Estes dois escritores revelam uma característica importante do espírito hispânico: o misticismo. O português Oliveira Martins, numa das suas obras sobre a civilização ibérica, afirma que “O espanhol achou no misticismo uma razão para o heroísmo e fez do amor divino a melhor arma para o seu braço”. Opinião que não será com certeza partilhada por milhões de republicanos, sobretudo os membros das lojas maçónicas. Isso será outro conto.

Uma óptima desculpa para mudar um pouco de assunto, continuando sempre em Castela, ou melhor em Burgos, a antiga capital do reino.

A cidade de Burgos está saturada de história. Imediatamente à entrada, temos o que resta do Hospital de São João Evangelista e, adjacente a ele, um mosteiro beneditino. Na catedral gótica do século XIII, encontram-se os restos mortais do Cid “O Campeador”. Um local para visitar com olhos de ver.

No entanto, nesta ocasião, o atractivo para a estadia situava-se nos arredores: Las Huelgas. Este convento foi fundado em 1187 por Afonso VIII, casado com Eleanor de Inglaterra. Foi ela quem pediu ao marido o doado à ordem de Cister e nele apenas professavam senhoras da nobreza. E como se tal não chegasse, foi-lhes concedido o privilégio de não pagarem impostos ou taxas de qualquer espécie. Aqui viviam centenas de freiras, oriundas da fina flor da fidalguia de Espanha. A riquíssima abadessa deste convento tinha tanto poder que era costume dizer-se que se o papa pudesse contrair matrimónio, só ela poderia ser a sua esposa.
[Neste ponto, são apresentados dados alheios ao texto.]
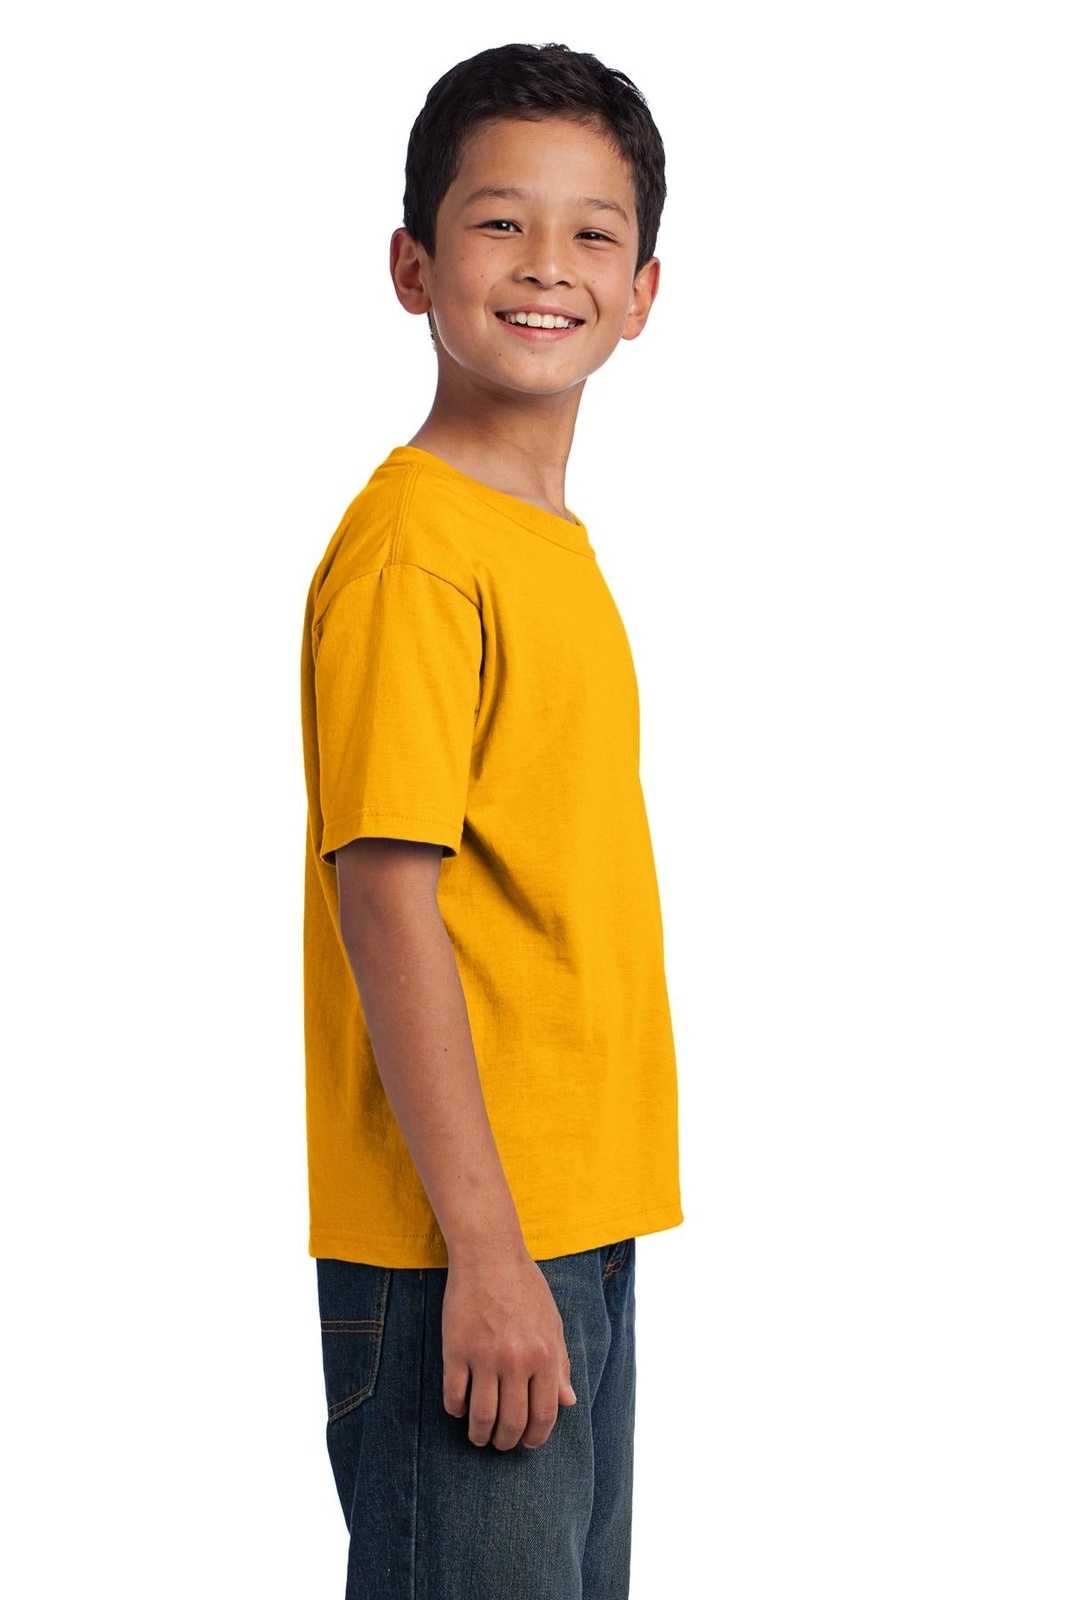 Fruit of the Loom 3930B Youth HD Cotton 100% Cotton T-Shirt - Gold - HIT a Double

Actualmente “huelga” significa “greve”, porém, em espanhol arcaico este termo queria dizer “lazer e repouso”. No museu do convento existe uma rara colecção de vestidos, paramentos, jóias e armas. Os tecidos são de alta qualidade com padrões não só cristãos e judaicos, mas também mouros e orientais. Mais teria se as hordas francesas, durante as invasões napoleónicas, não tivessem destruído e roubado muito do que aqui havia.

Contudo, o que mais impressiona são os dois claustros adjacentes: um românico do Século XII e outro gótico do século XIII, com nítida influência árabe. Uma autêntica maravilha.

Fomos consultar um compêndio de arte espanhola a fim de contextualizar estas particularidades arquitectónicas. De repente, detivemo-nos numa página com a reprodução de um quadro de Doménico Theotocópuli, El Greco: “El Caballero de la mano al pecho”. Como é prodigioso o modo como o pintor dá forma corporal à alma e aos sentimentos da grande fidalguia deste período! Translada com exactidão os afectos e sensibilidades desta época áurea da vida peninsular.

E porque Las Huelgas está no “Caminho de Santiago de Compostela”, é comum encontrar bastantes peregrinos por estes sítios. É hábito saudá-los com um sonoro “buen camino”. Não foi a primeira vez, mas também por aqui ouvimos em resposta: “ultreya”. Na nossa língua talvez se possa traduzir assim: “para a frente com coragem”!

De facto, é preciso muito ânimo para que todos os caminhos nos levem até onde desejamos ir.